Siempre está lo otro, el otro, categoría o entidad que empuja al Ser a desplazarse, a moverse de su centro e iniciar un sendero, un viaje siempre a lo desconocido e inseguro. Lo habitual es la geografía de lo reconocible, el de los nombres consabidos cuyos efectos, al sonar, están calculados. Las palabras, lo otro. Ellas son, como muy bien sabe el autor, lo otro. Quien escribe es otro diferente del que quiere escribir o del que respira o vive (alienado, ocupado), aunque en raras ocasiones coinciden y en un salto mortal aparece el milagro al que se llama Poesía.

Poesía, elegir unas palabras, semántica del sonido y de la imagen, y crear sentido. Crear, elegir, eliminar. La otredad es el espacio abierto (la posibilidad, la aventura) donde se lanza un grito y responden los ecos.

No quisiera extenderme en hacer aquí una apología del hecho poético dado que el autor lo hace magistralmente en el prólogo del poemario. Voy a centrarme en una constante a lo largo no sólo de los poemas de este libro, sino también de todas sus obras anteriores: el valor de la poesía y su necesidad en la sociedad de hoy.
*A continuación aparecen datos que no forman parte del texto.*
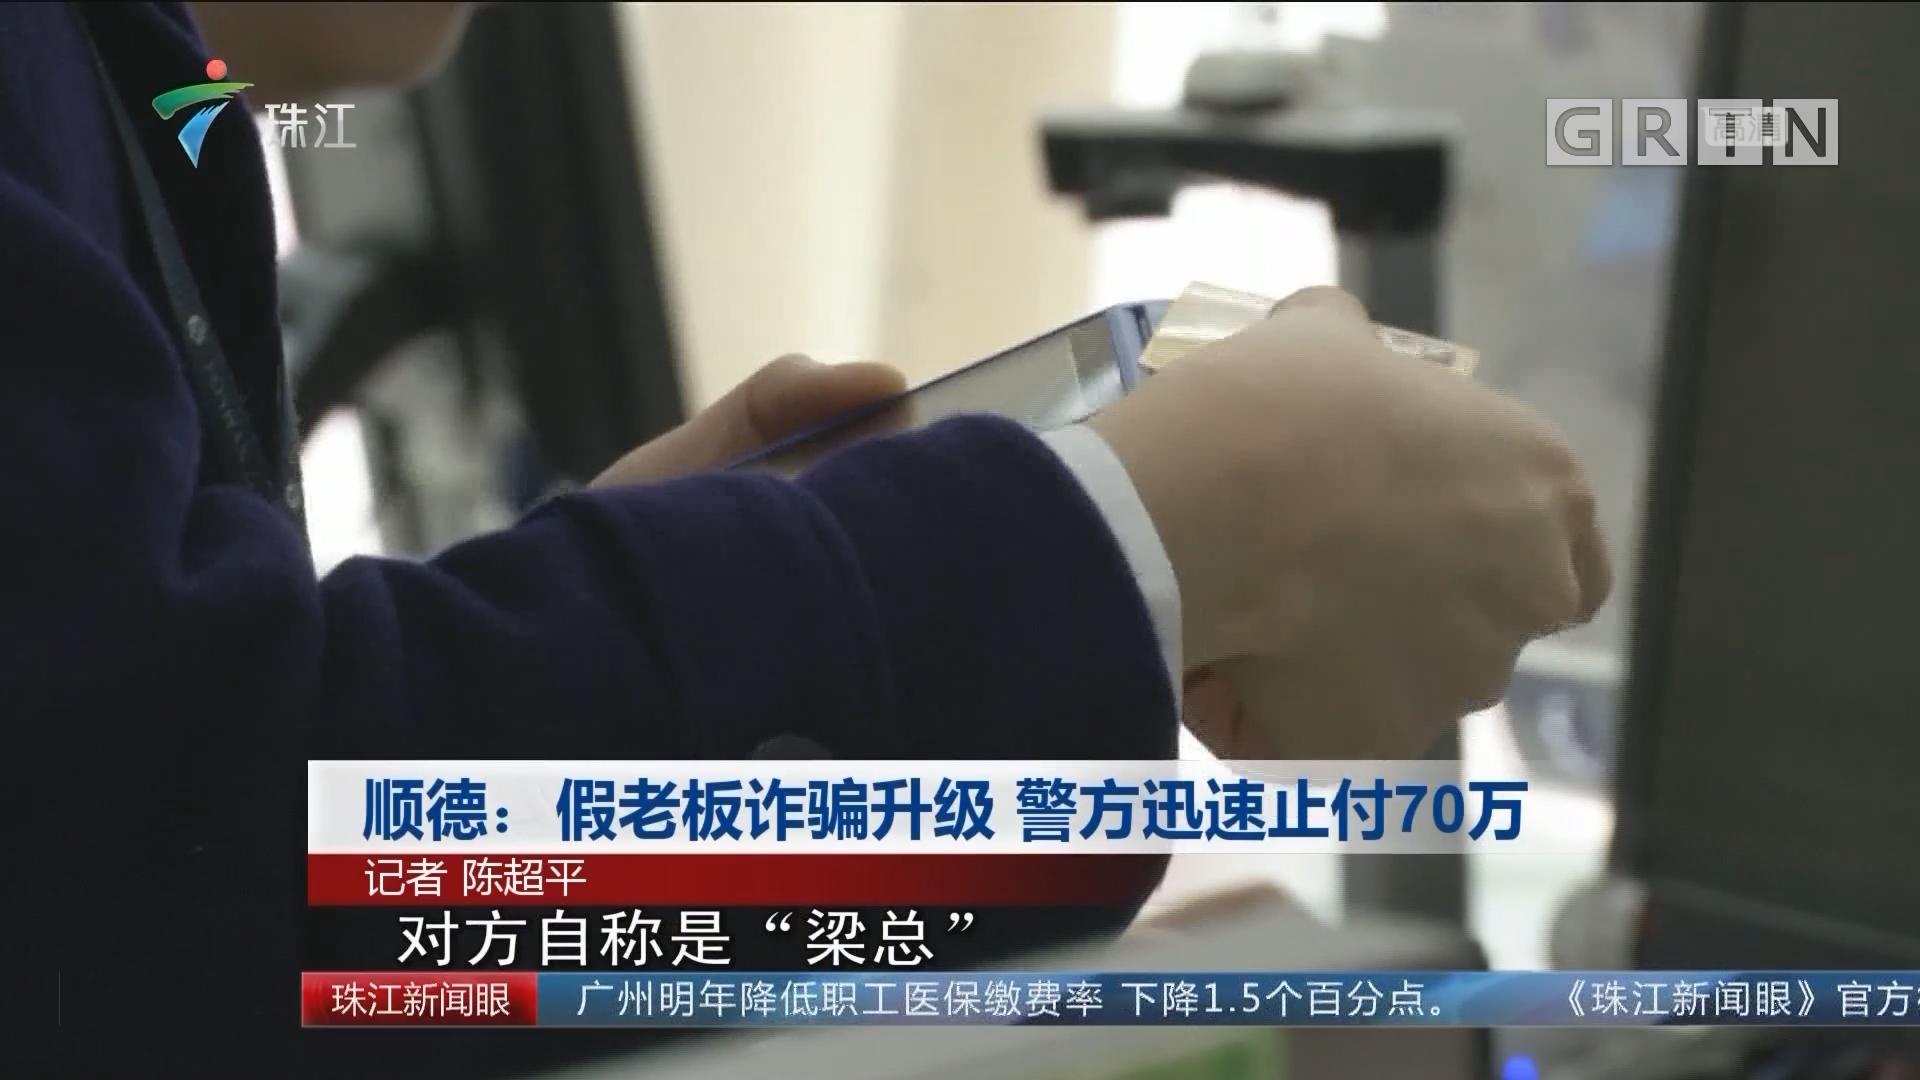 顺德:假老板诈骗升级 警方迅速止付70万
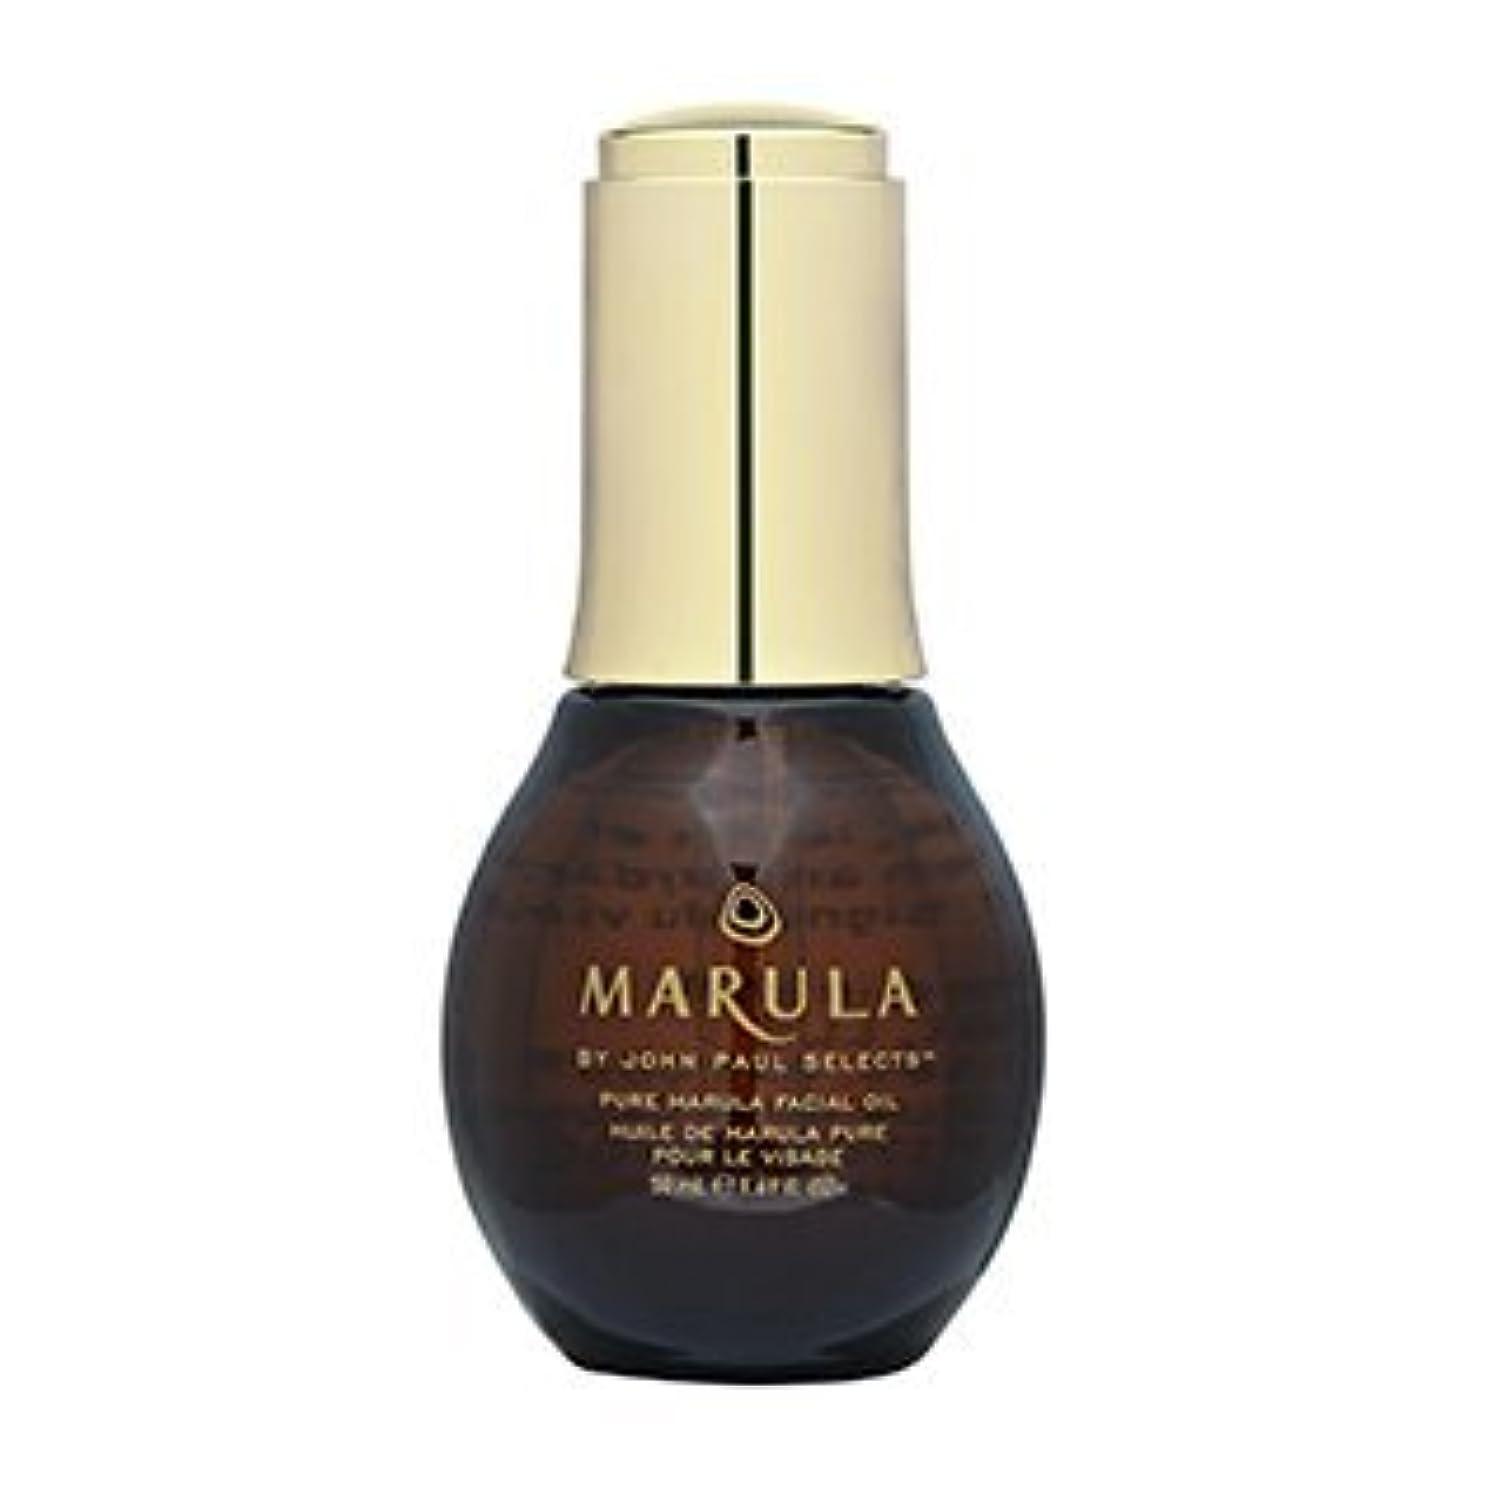 回転させるベル損なうマルーラ(Marula) マルーラオイル 50ml ビッグサイズ[並行輸入品]

En su ensayo Función social de la poesía, T.S.Eliot, al tratar de dilucidar el papel de la creación poética en la sociedad burguesa europea allá por la década de los años veinte del siglo pasado, apunta tanto a la ampliación de la conciencia como al refinamiento de la sensibilidad entre los beneficios, aparte del placer estético, que la poesía reporta. Pero la función del poeta iría más allá del perfeccionamiento de los individuos que conforman una sociedad; plantea el concepto de poesía como un valor de compromiso aunque no entendido en relación con tal o cual hecho, tendencia o ideología, sino hacia la lengua misma. Establece, además, una reciprocidad con el estadio cultural de la ciudadanía, dado que la función misma de la poesía «afecta al lenguaje y la sensibilidad de una nación entera».

Mucho se ha discutido sobre los logros de la obra de Eliot en relación con su intento de acercar a la poesía la lengua viva, coloquial, real. Este hecho, muy mal entendido por un sector no pequeño de la poesía de nuestro país desde los años 50 del siglo XX, justificó la práctica degradante de la potencia imaginativa hacia un prosaísmo reproductivo en un proceso de extrañamiento y empobrecimiento progresivos de la creación poética, síntomas de la devastación espiritual actual. También en esto hace una matización en su ensayo: «Hasta cierto punto la poesía puede preservar, e incluso restituir la belleza de una lengua; también puede ayudarla a desarrollarse, a ser sutil y precisa».

En esta huida de la uniformidad discursiva y la apuesta por la subversión del lenguaje usual por otro emancipado, liberado, coincide con Octavio Paz, en su obra El arco y la lira. La idea, como se ve, está muy lejos de la simplificación o del deliberado abandono de la vivencia de liberación del discurso poético por la mera constatación realista, experiencial de un hecho. «La música de la poesía no existe separada del significado», afirma Eliot; aunque insiste en lo conversacional como el camino de la nueva poesía, no olvida, como cita en su otro ensayo La música de la poesía: «La música de la poesía, entonces, debe ser la música latente en el habla de su tiempo […] Por supuesto que no queremos que el poeta se limite a reproducir exactamente el estilo conversacional».

Y un poco más adelante del mismo texto del autor inglés, tras declarar que las interpretaciones deben tener sustento en el sentido y ritmo del poema, afirma: «no creo que la tarea del poeta sea primordialmente y siempre obrar una revolución en el lenguaje […] el ansia de novedad es tan malsana como la adhesión obstinada al lenguaje de nuestros abuelos».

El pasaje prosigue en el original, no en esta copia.